PROBLEM REQUIREMENTS. Write out the entries below exactly, but only from the line containing "kuca dobrog mleka" through the line containing "Modèle Vectoriel Pour", and without the pictures.

STORED DATA.
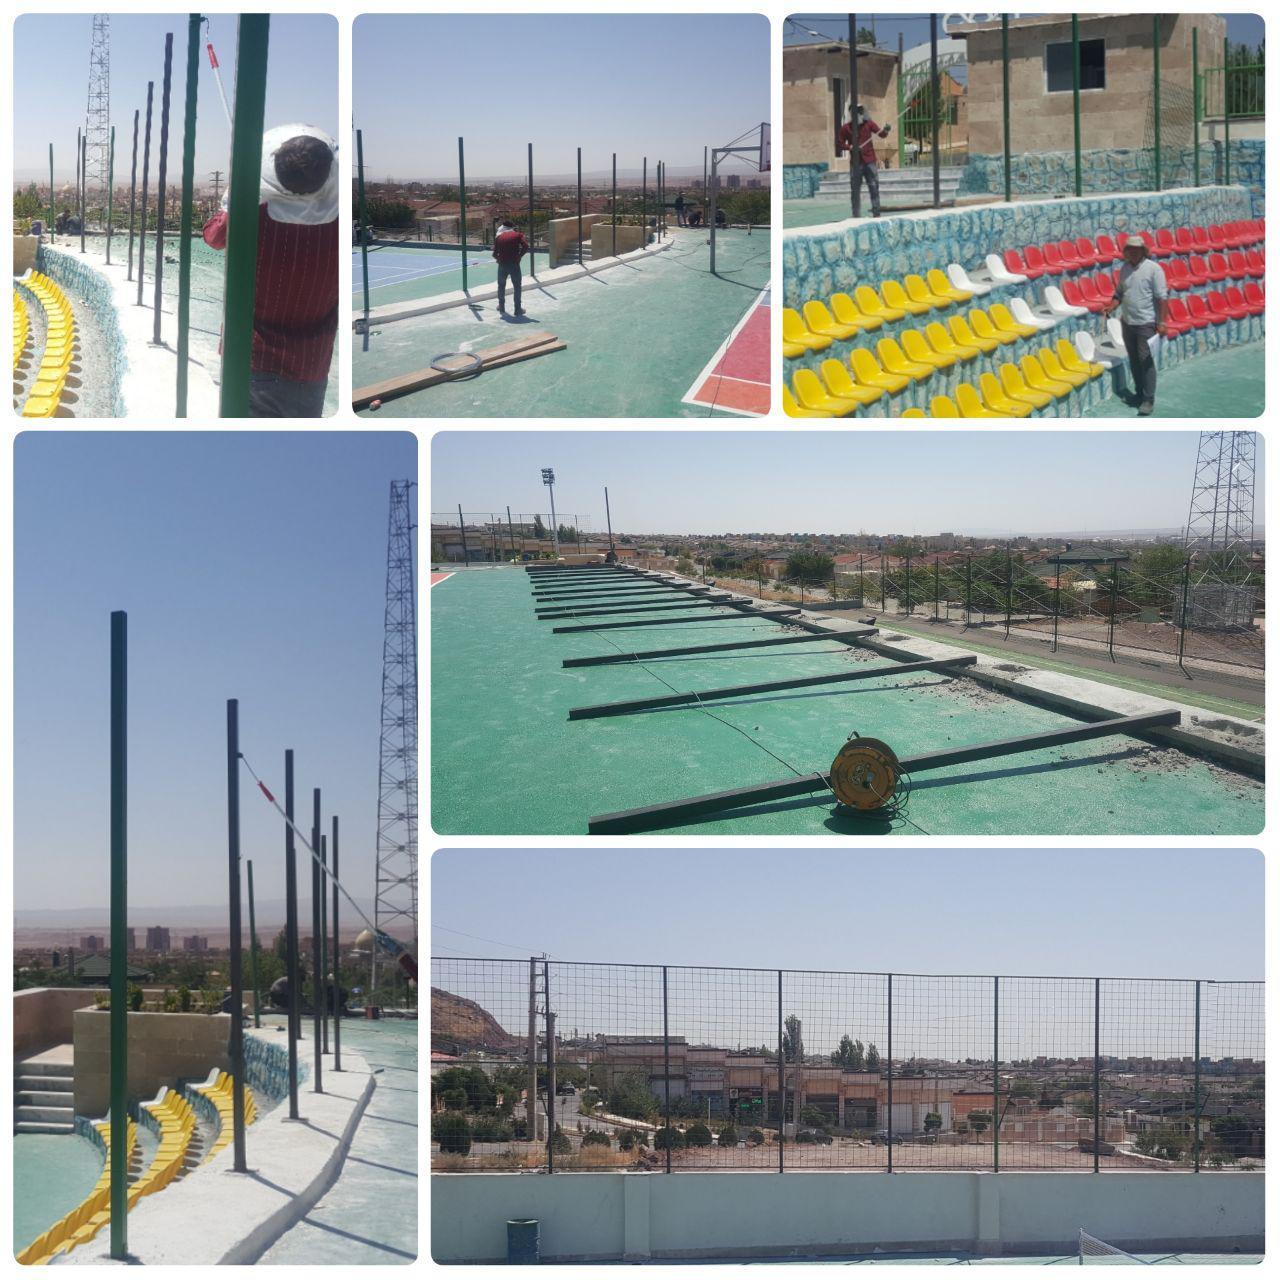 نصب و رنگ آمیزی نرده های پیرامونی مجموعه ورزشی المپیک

==

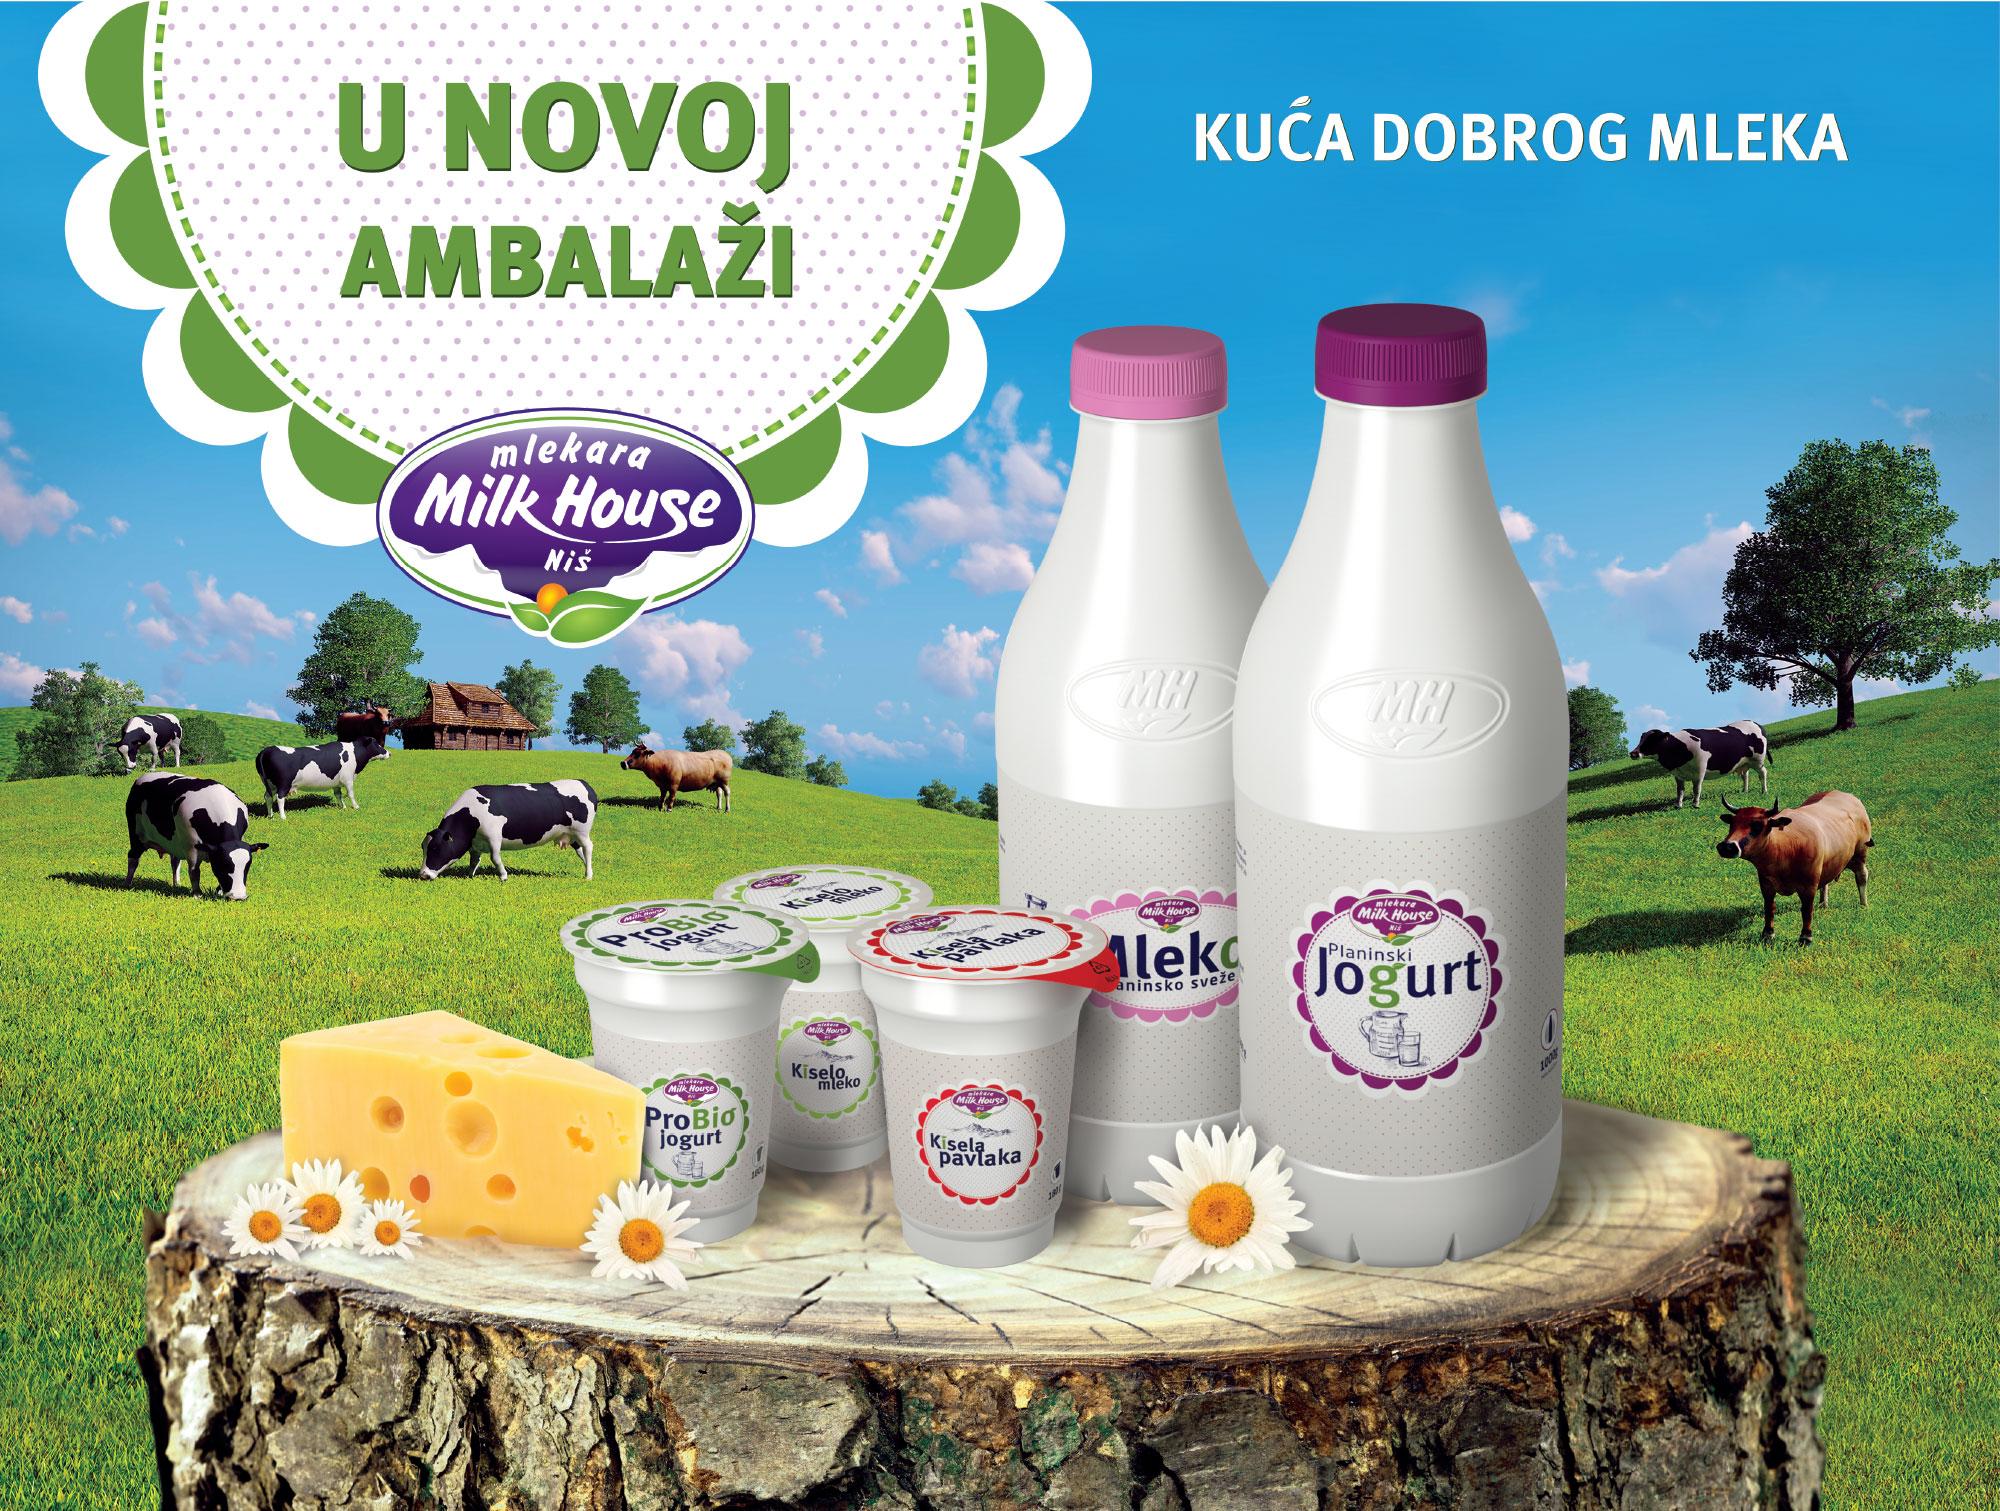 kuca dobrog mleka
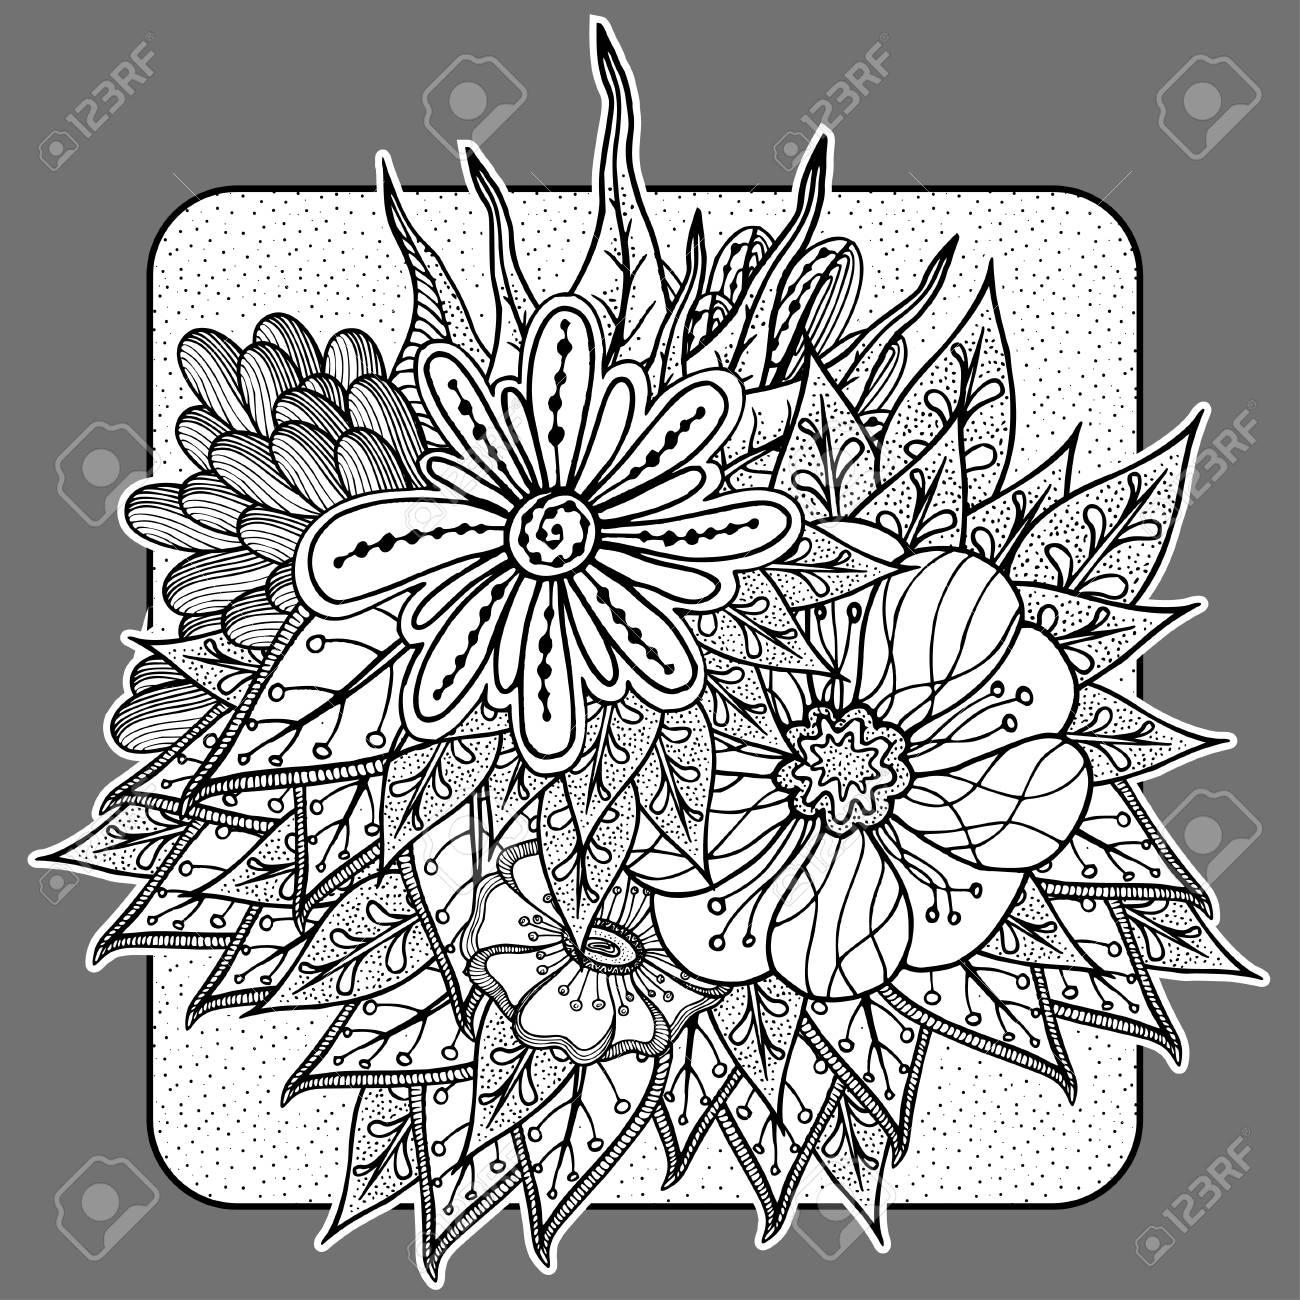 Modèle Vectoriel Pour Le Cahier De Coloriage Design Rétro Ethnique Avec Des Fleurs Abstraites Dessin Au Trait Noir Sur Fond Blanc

FINISHED TASK.
 kuca dobrog mleka
 Modèle Vectoriel Pour Le Cahier De Coloriage Design Rétro Ethnique Avec Des Fleurs Abstraites Dessin Au Trait Noir Sur Fond Blanc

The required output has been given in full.